Shareholders’ Funds of the banks put together grew by 20% on average. GCB grew by 28% while Standard Chartered Bank grew by about 23%. ACCESS Bank saw the biggest jump from 2018 to 2019 by 33.06% and CAL Bank followed by 30%. As at 2019, Ecobank Ghana’s shareholders’ funds stood at GHC1.7Billion whiles GCB stood at GHC1.6 Billion.
Access Bank and Standard Chartered Bank were the only two banks that saw their cash flow dive into the negative in 2019. Standard Chartered Bank’s negative record was due to an increase in advances and loans to customers which are a positive venture.

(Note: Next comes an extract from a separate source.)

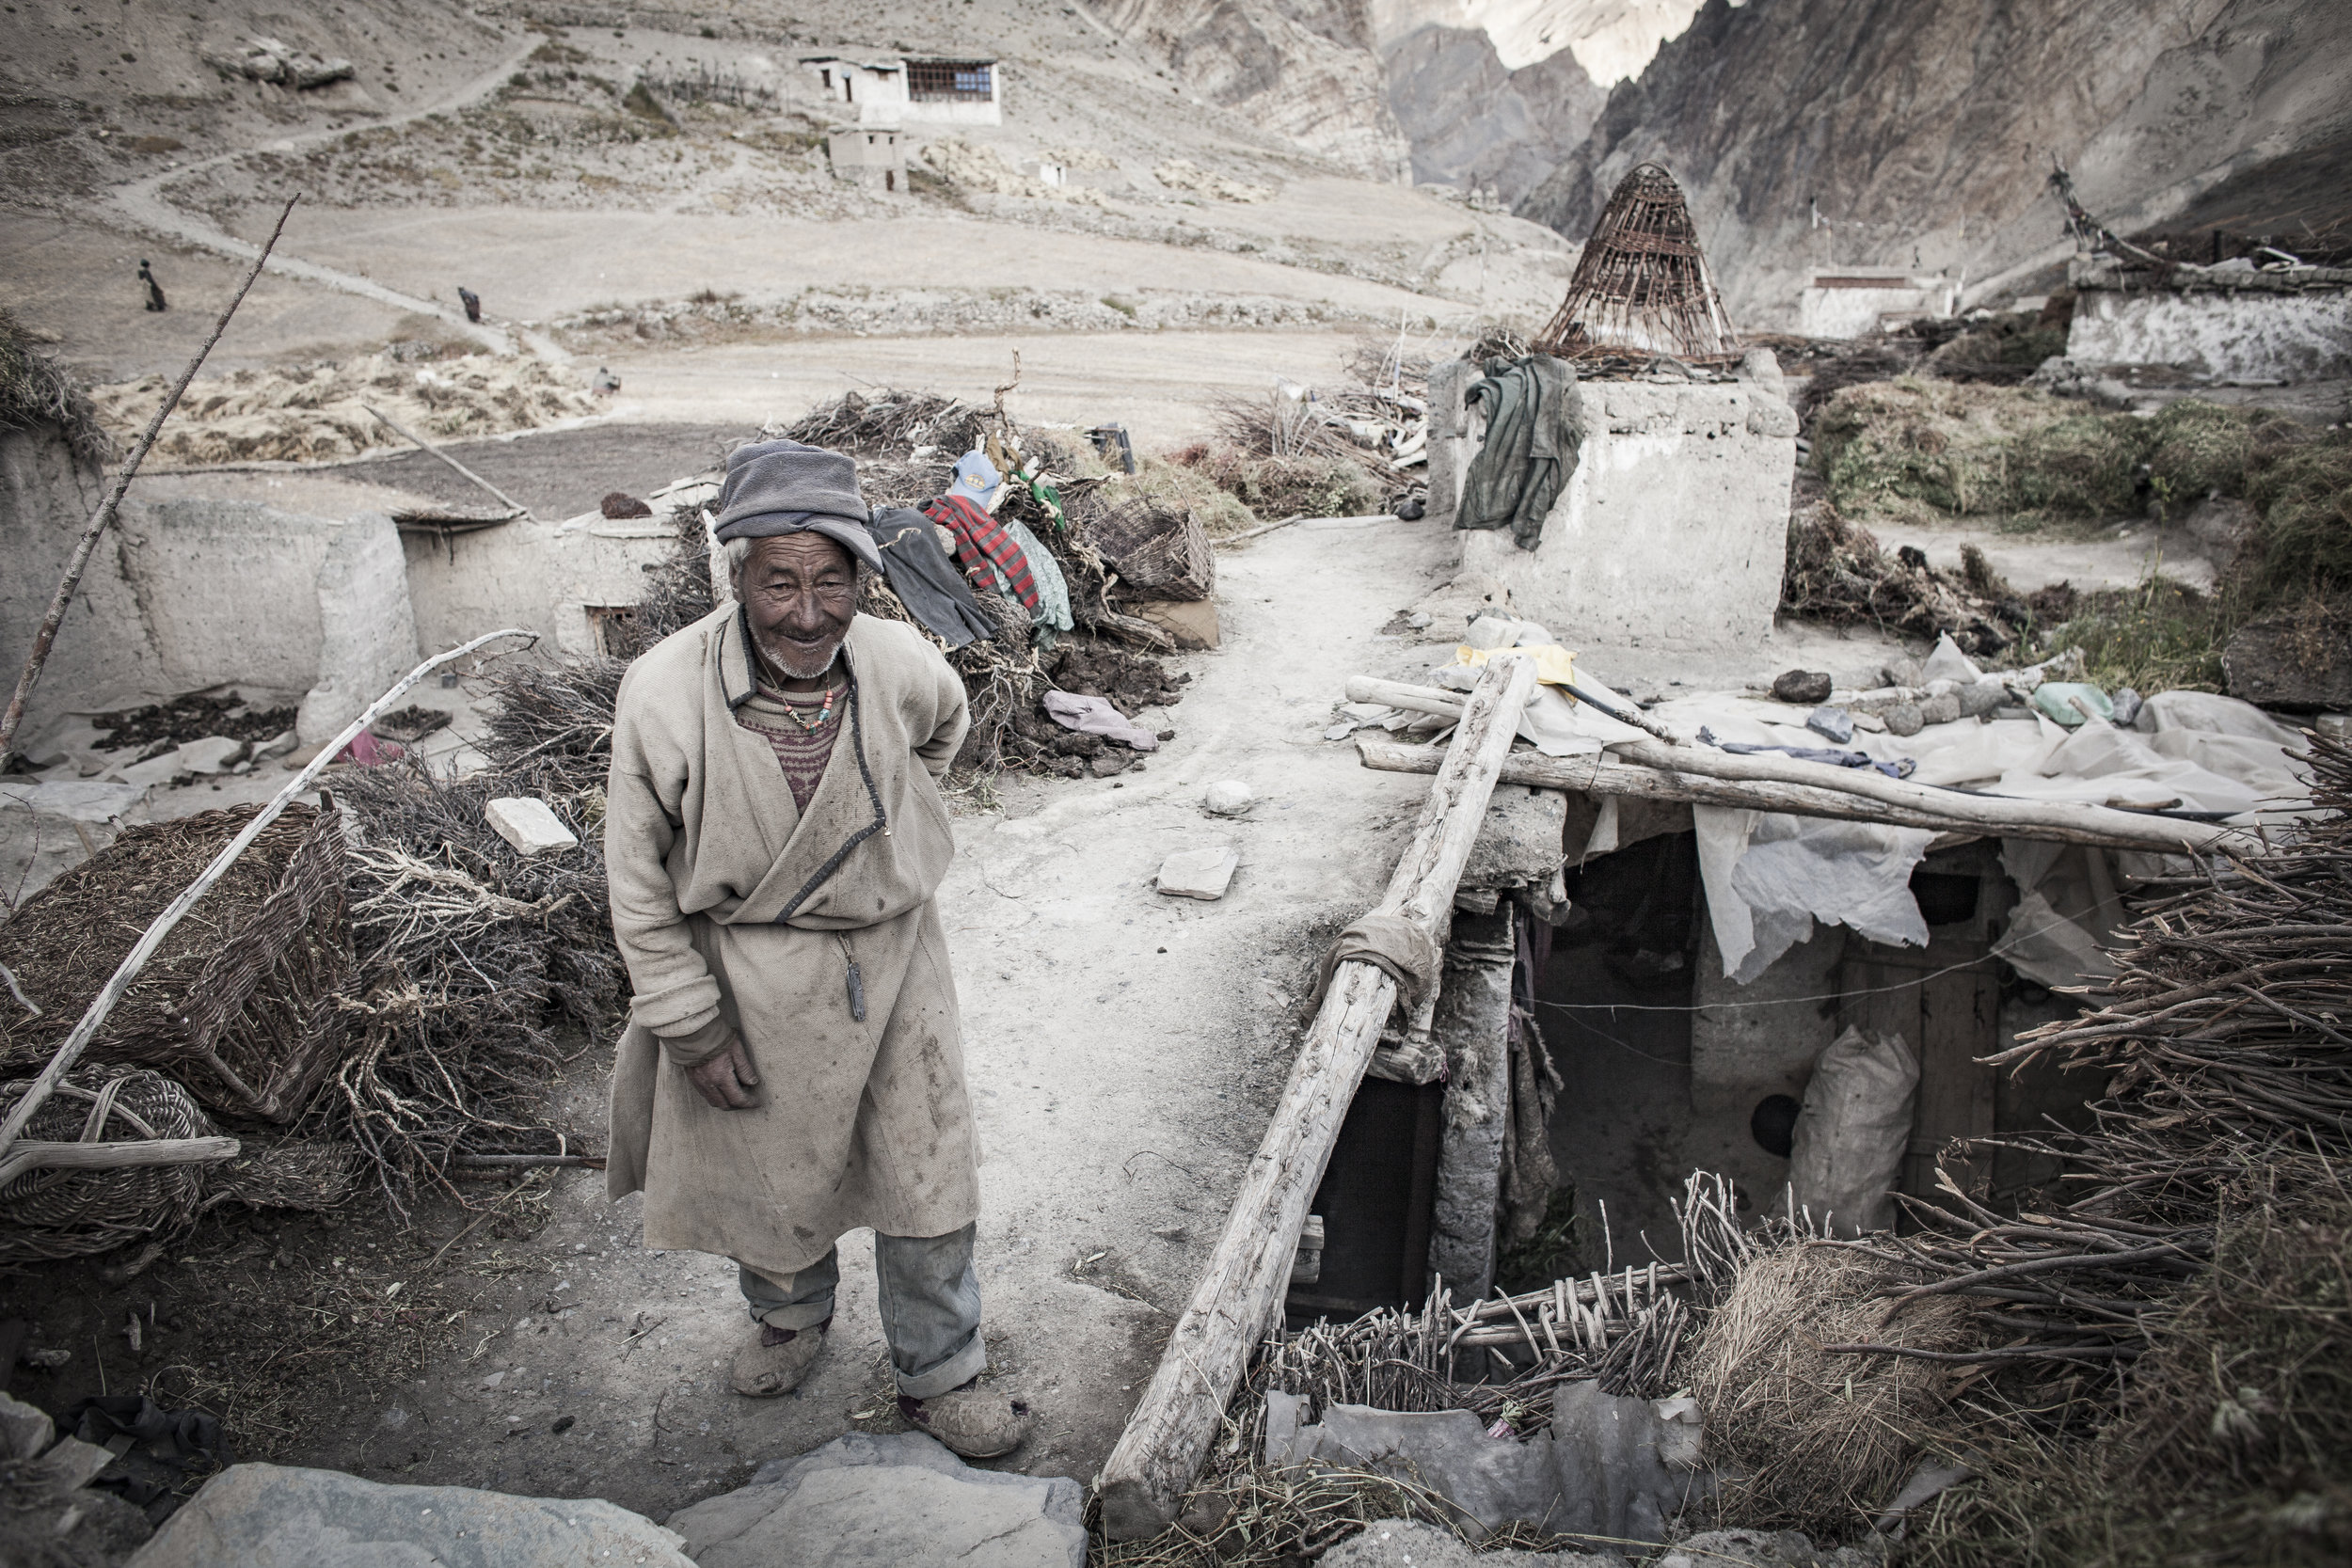 Gaudenz Danuser, Photoskar, Ladakh India IMG_2453.jpg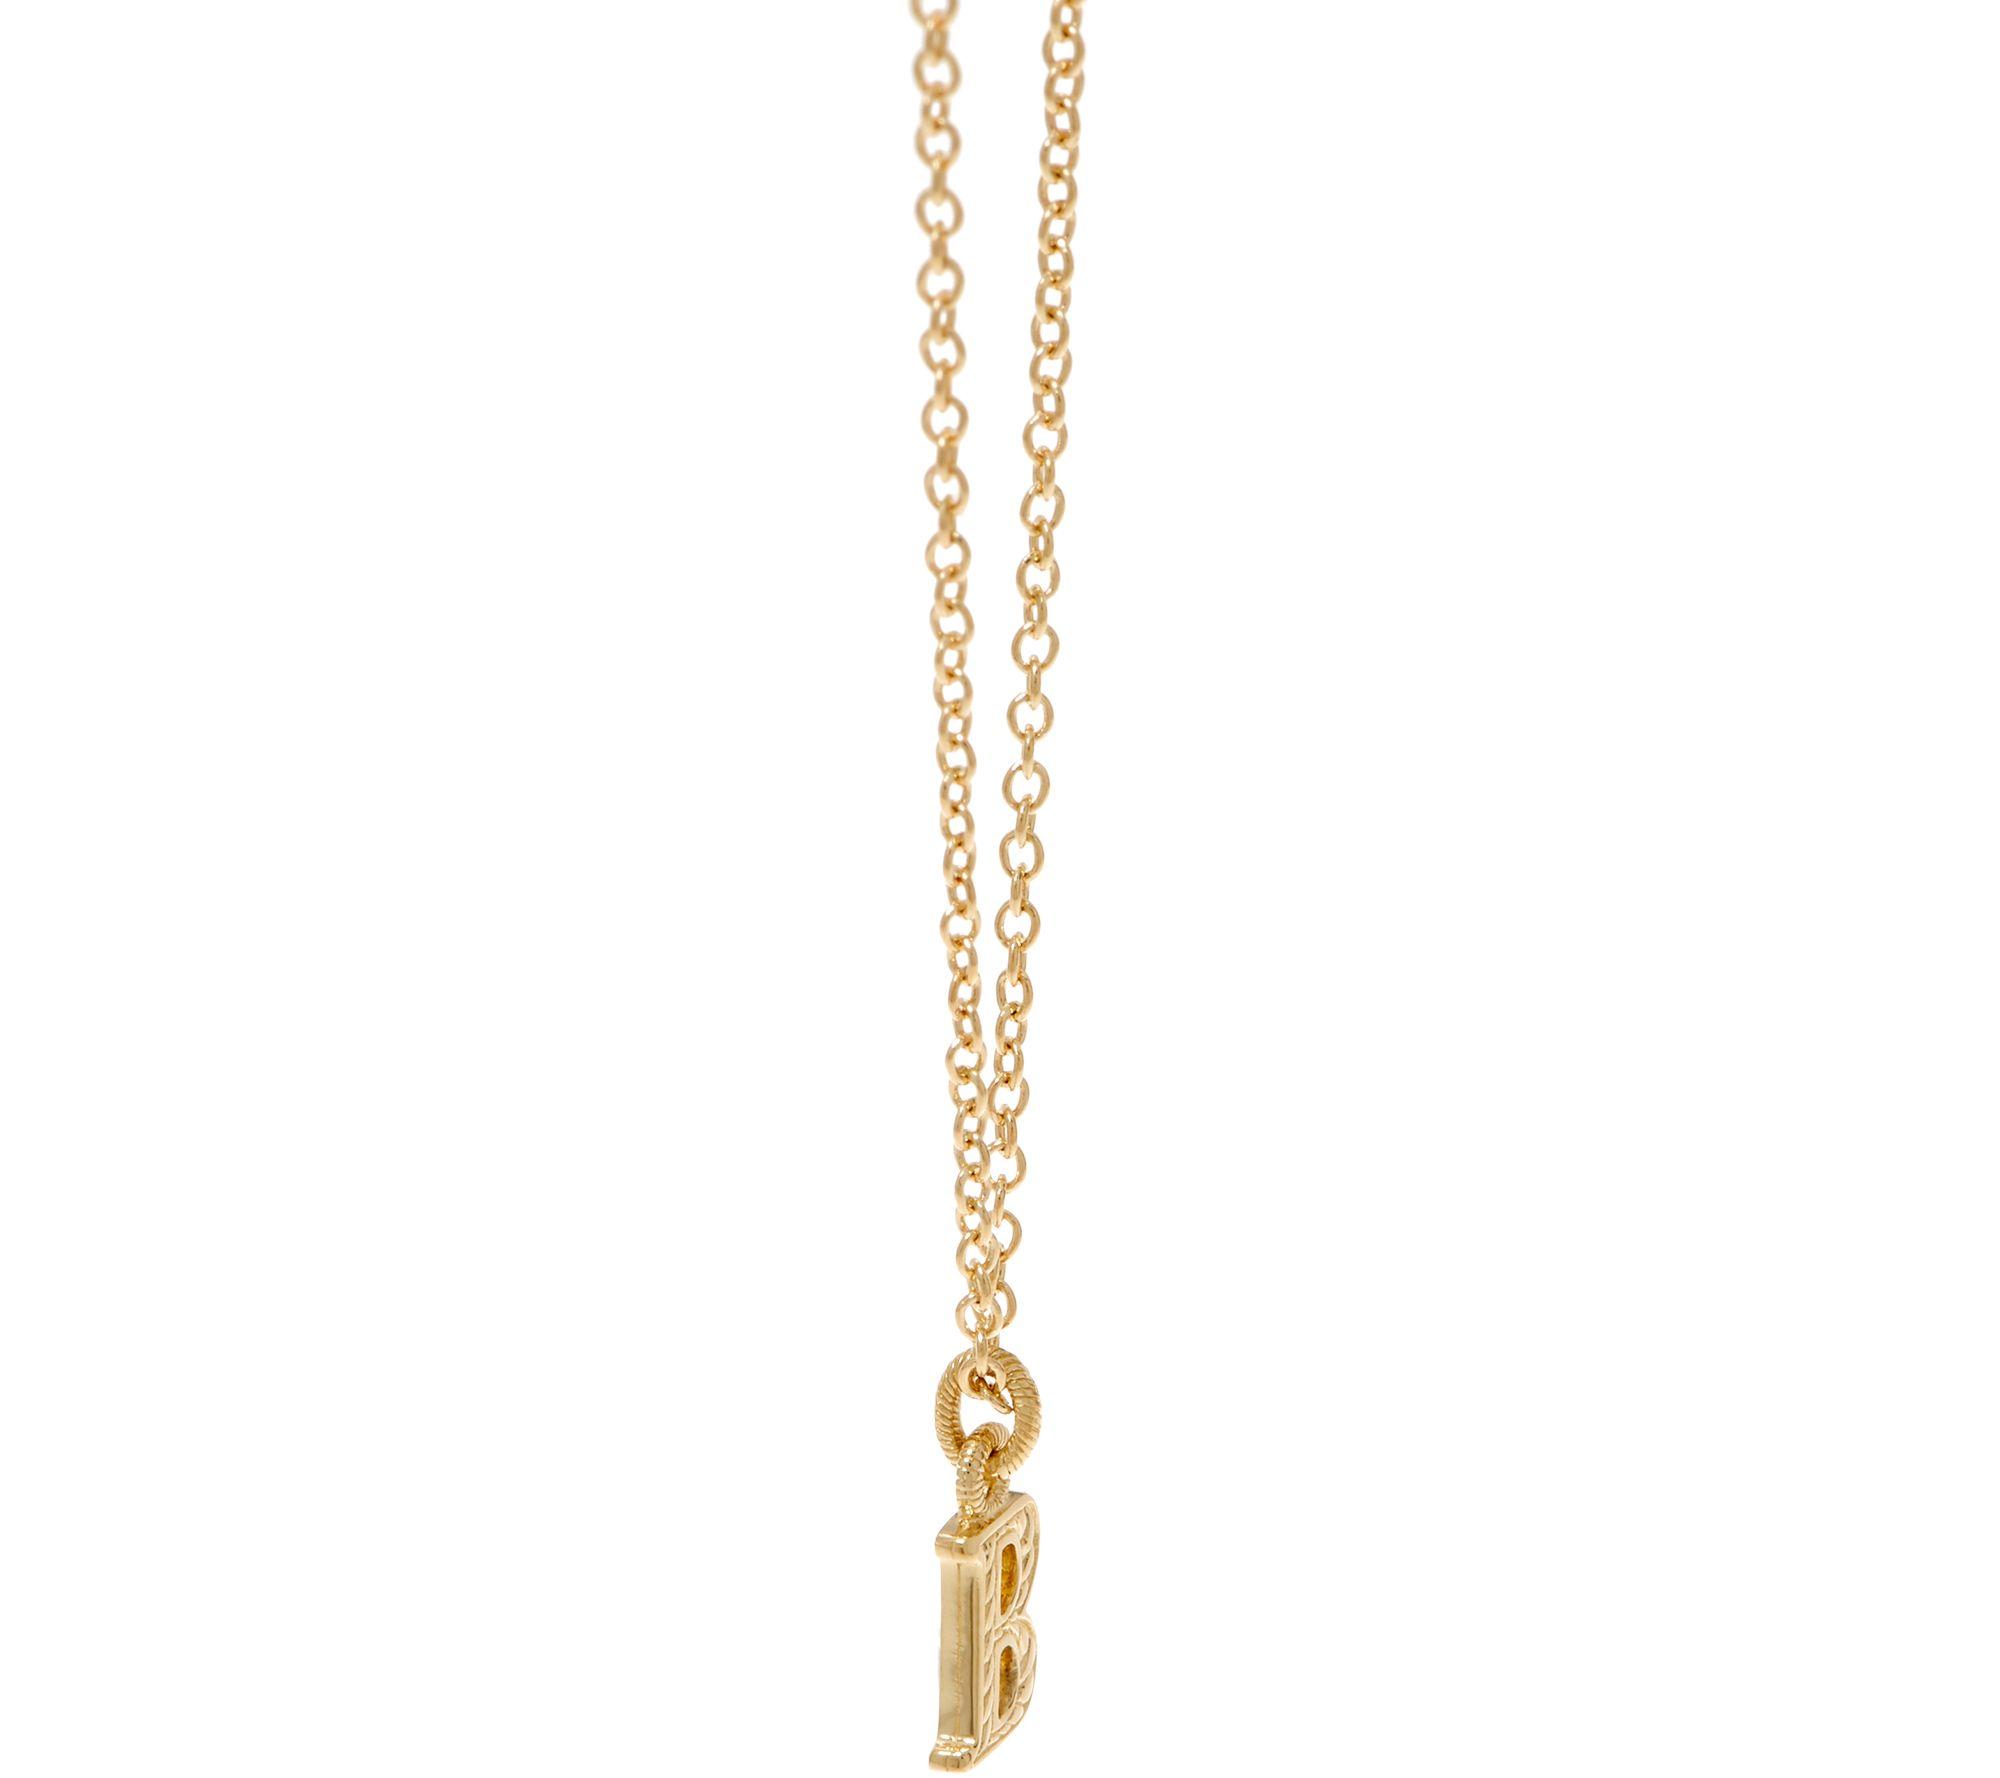 5faf6ffab0bf9 Judith Ripka 14K Gold Initial Necklace — QVC.com

Capital gains on the GSE of the banks have been mixed.
Ecobank Ghana Ltd performance has been in positive territories. An investor who purchased the banking giant’s shares in December 2015 has returned 15.41% by December 2019 in capital returns. Within the period with some careful attention, investors would have earned higher. For example, investors who bought Ecobank Ghana shares in January 2018 earned 37% by June, 2018. GCB in the same period earned 33% whiles SCB earned 32%. Though holding on to these stocks throughout the period from 2015 to 2019 would have recorded minimal returns.
SCB returned 13% while GCB returned 35% between 2015 to 2019. Putting the dividends earned within the period into perspective increases the value of the returns.
Other banking stocks that performed creditably well in terms of capital returns include ADB and Access Bank Ghana both returning 32% and 22% between 2015 and 2019. The lack of dividend payment by the two institutions pushes them lower the ladder.
The cleansing of the banking sector by the Bank of Ghana puts the banking sector ahead when it comes to making decisions to invest.
2019 figures point to good prospects; GCB profits jumped by 30.29% from 2018, Standard Chartered Bank leapt 34% whiles Ecobank Ghana rose by 31%. The positive operational cash flows recorded for 2019, though lower than 2018 is an indicator the banks are positioned for greater performance going forward.
According to trends monitored on the Ghana Stock Exchange, price movements are generally activated by dividend payments and sound financial statements.
In April 2020, the Bank of Ghana “…directed banks and SDIs to desist from declaring or paying dividends and from making other distributions to shareholders for the financial years 2019 and 2020, unless the Bank of Ghana was satisfied, that such institutions met the regular prudential requirements and were not relying on the additional liquidity released by the regulatory reliefs provided by the Bank of Ghana.”
This public notice shows the level of attention the banking regulator is putting on the banking sector.
Even though this directive made some shareholders unhappy because of the hold up of cash to them, it is expected to put the banks in a stronger position to protect customers and other stakeholders in the long term.
GCB Bank, Standard Chartered Bank and Ecobank Ghana are the top picks when choosing which stocks to invest in. Their consistency and solid performance in terms of profitability, dividend payments, solvency as well as creating value for shareholders put these stocks ahead of the other banks.
Though COVID-19 is will suppress business activities within the banking sector, banks are expected to contain the shocks to remain solid and viable in the coming years due to the work done by the Bank of Ghana within the sector.